Опубликовано в журнале Знамя, номер 12, 2017
Трудно найти в нашей литературе писателя, который прошел
самостоятельным, но легальным путем более полувека и сохранил творческую
независимость при всех условиях и обстоятельствах.
Таков был Владимир Маканин.
Ни к кому не примыкая, будучи
подчеркнуто беспартийно-внетусовочным, он как автор
принадлежал всем. Всем, кто открыл, издавал, печатал. Ровно, чуть иронично он
относился к хуле и похвале, чутко — к премиям и наградам.
Ему были вручены многие из существующих российских премий и
крупная европейская.
Обладая мощным мозговым аппаратом шахматиста и математика, он
знал многое наперед, рассчитывал свои возможности. А где рассчитать не мог —
предугадал.
Дар его развивался по нарастающей,
наступательно. В авторе довольно простого по тем временам
(1965 год) романа «Прямая линия» нет ни блестящего стиля, ни языковой игры,
отличавшей раннюю прозу шестидесятников, — и роман, в общем-то, прошел почти
незамеченным на фоне фонтанирующих аксеновских рассказов и захватившей стадионы
«эстрадной» поэзии. Читатель был увлечен иными, более яркими книгами,
иными, более звонкими именами. Своеобразие Владимира Маканина отметили
немногие.
Поздний расцвет его прозы пришелся на серое и глухое время
70-х. Рассказ «Ключарев и Алимушкин» дал метафору
самой действительности и стал матрицей для зрелого Маканина: от одного счастье
и даже сама жизнь убудет — другому прибудет. Почему? Кто виноват? А никто.

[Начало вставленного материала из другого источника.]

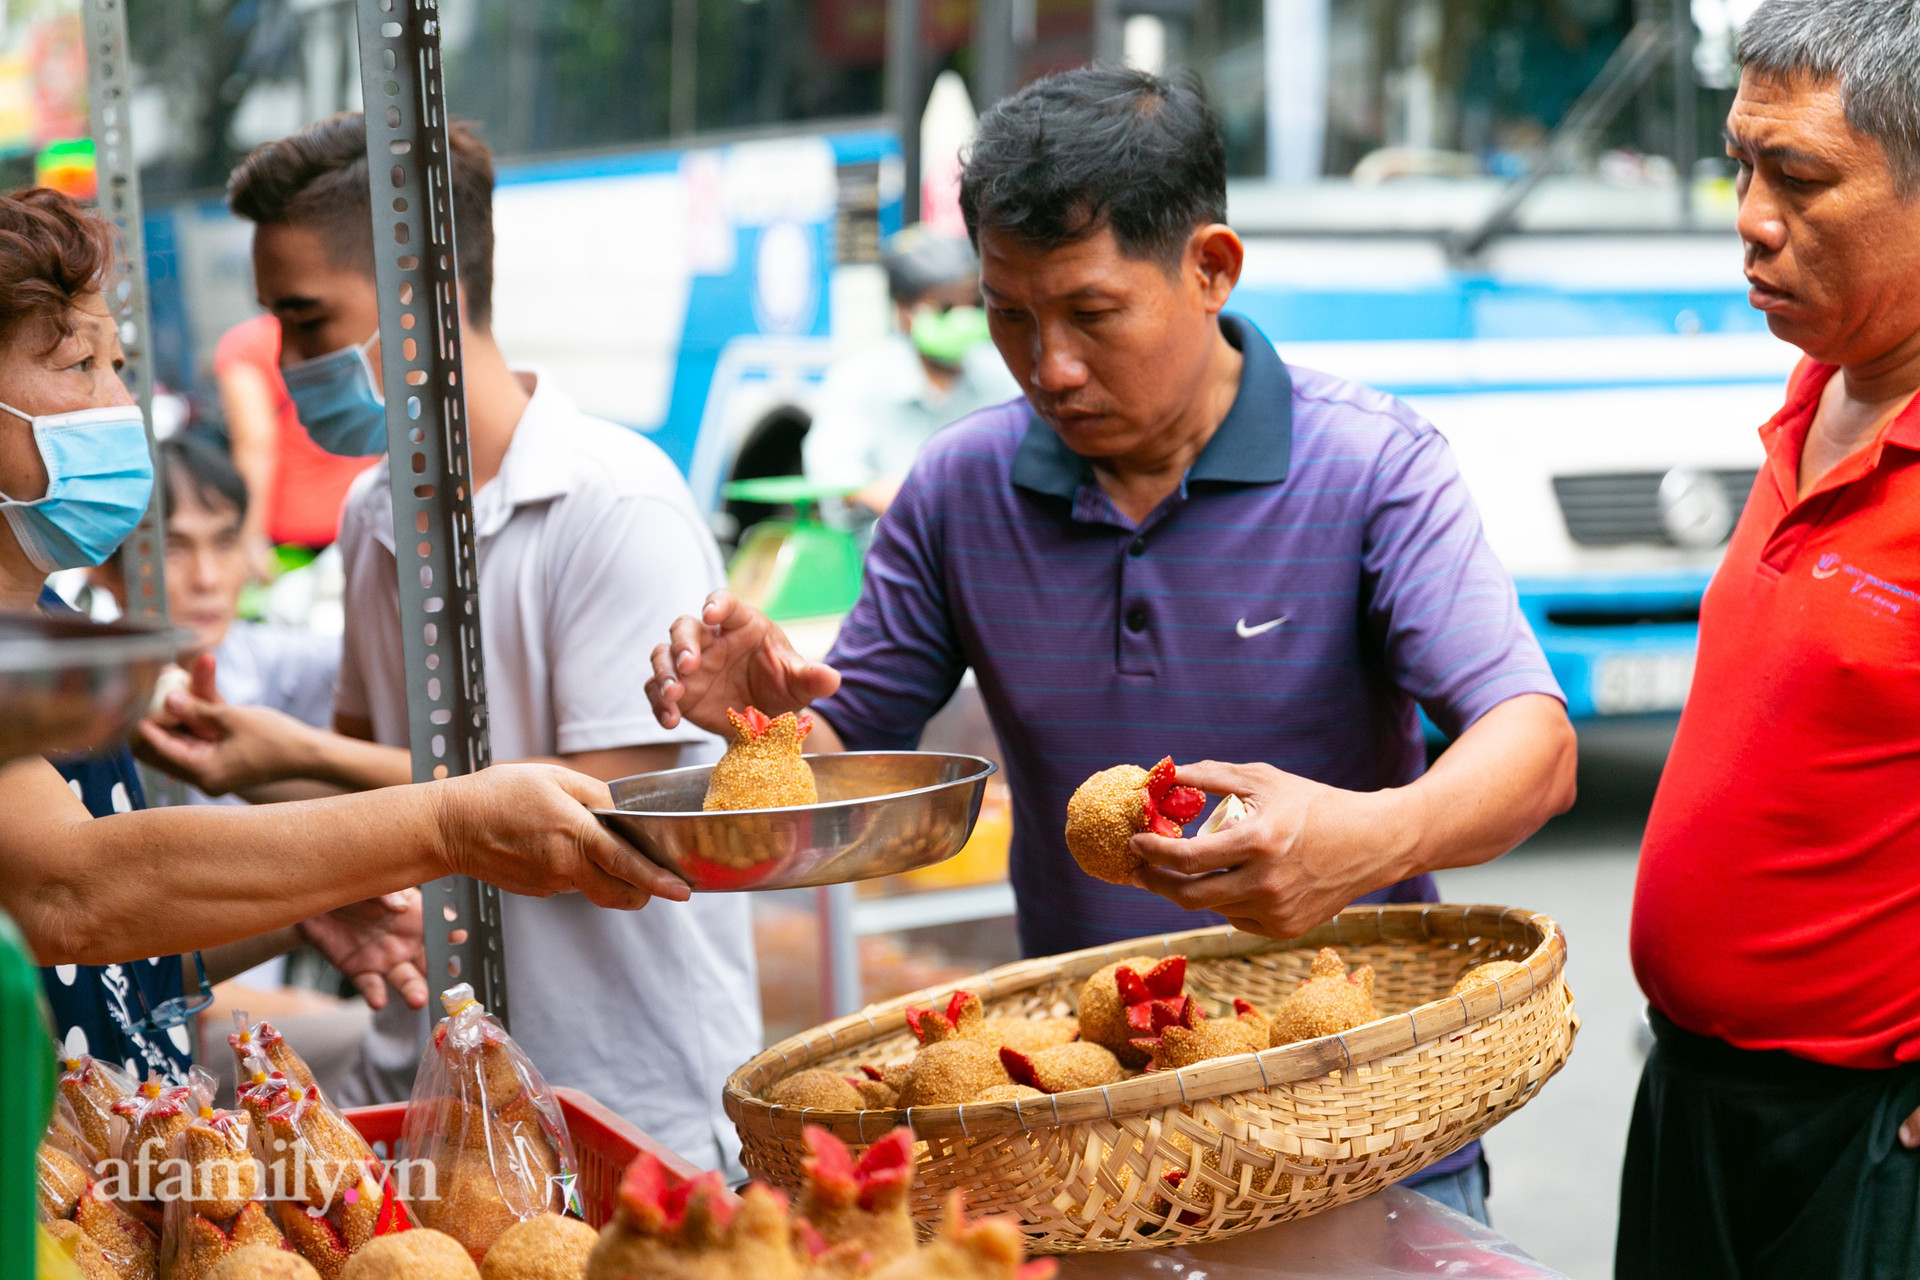 Độc đáo bánh lựu cầu duyên truyền thống của người Hoa ở Sài Gòn: Chỉ bán duy nhất một lần trong năm, 4 người phụ làm hơn 1.000 cái mà bán sạch trong 1 tiếng - Ảnh 29.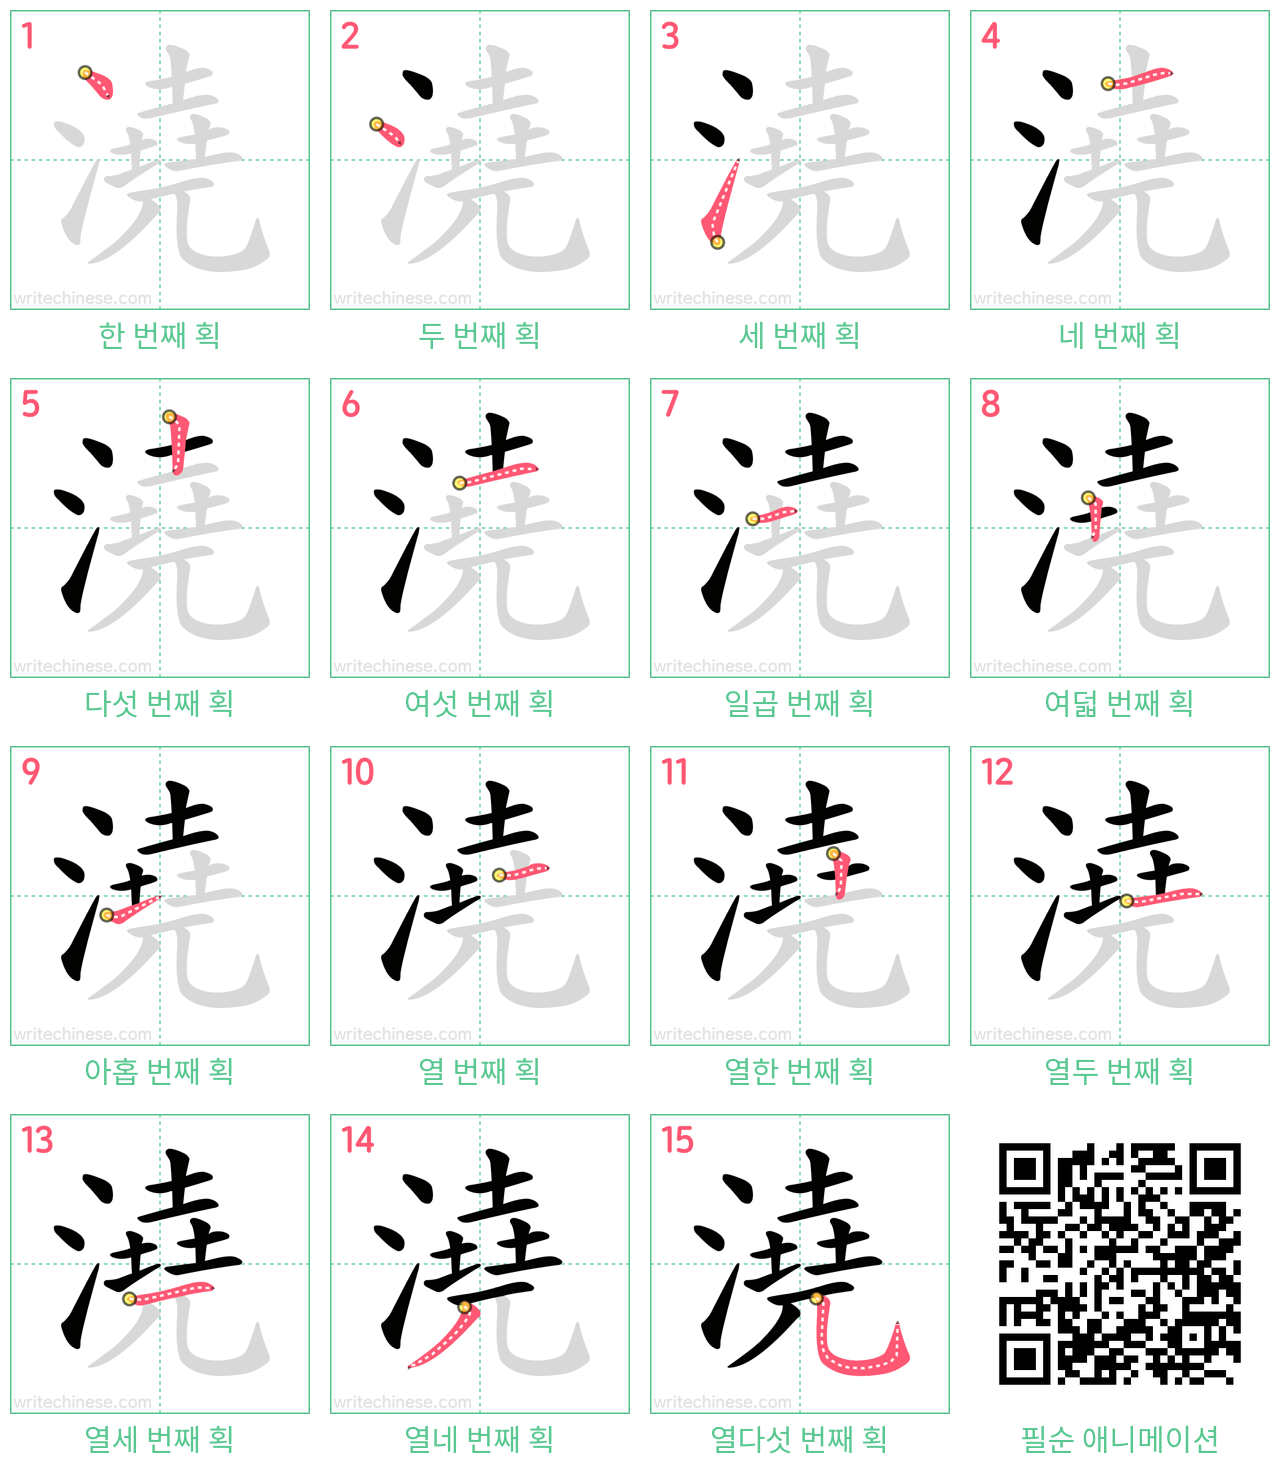 澆 step-by-step stroke order diagrams

Социальное и экзистенциальное содержание в их неожиданном единстве нашел для
себя Маканин — и уже не убирал с этого двойного пульса свою чуткую руку:
«Человек свиты», «Гражданин убегающий», «Антилидер».
Повесть «Отдушина» резко обозначила «мебельное время» на переходе к 80-м. Повесть «Отставший» обнаружила уязвленную писательскую травму: да,
я отстал от 60-х, не успел в их «поезд» в «Новый мир» и к Твардовскому, но,
может, оно и к лучшему? Не обща — но отдельно?
Так шел и дальше — чуть
отстраненно, дистанцированно от «трендов» и
«брендов», посмеиваясь над «святынями», вплоть до лагерной прозы:
«Лаз», за который не дали Букера (несправедливо), «Стол, покрытый сукном и с
графином посередине» (за который дали Букера, но опять вроде несправедливо), —
и непонятно каким чувствилищем угадавший «Предтечу» и Чечню («Кавказский
пленный»)…
Хочется перечислить его романы, обозначавшие знаки российской
действительности: и выбитого из списков на довольствие, потерявшего статус
писателя («Андеграунд, или Герой нашего времени»), и чеченскую войну — не за
победу, а за деньги («Асан»), и кризис околотворческой городской среды и диссидентства («Две
сестры и Кандинский»). У него было парадоксальное мышление, он любил задевать,
шокировать, подзуживать, провоцировать читателей и
критиков, впрочем, может, и поэтому все эти десятилетия не отводивших от него
взгляда. Провокативны были и повесть «Один и одна», и
«Удавшийся рассказ о любви», где в образах постаревших шестидесятников,
писателя-телеведущего и цензорши-бандерши угадывались
реальные персонажи.
Маканин не остановился и пошел копать дальше. Так, как он
умел. Так, как умел только он.
Теперь его нет. Нам осталось — перечитать и подумать над тем,
что оставил настоящий русский писатель, упокоившийся на сельском кладбище.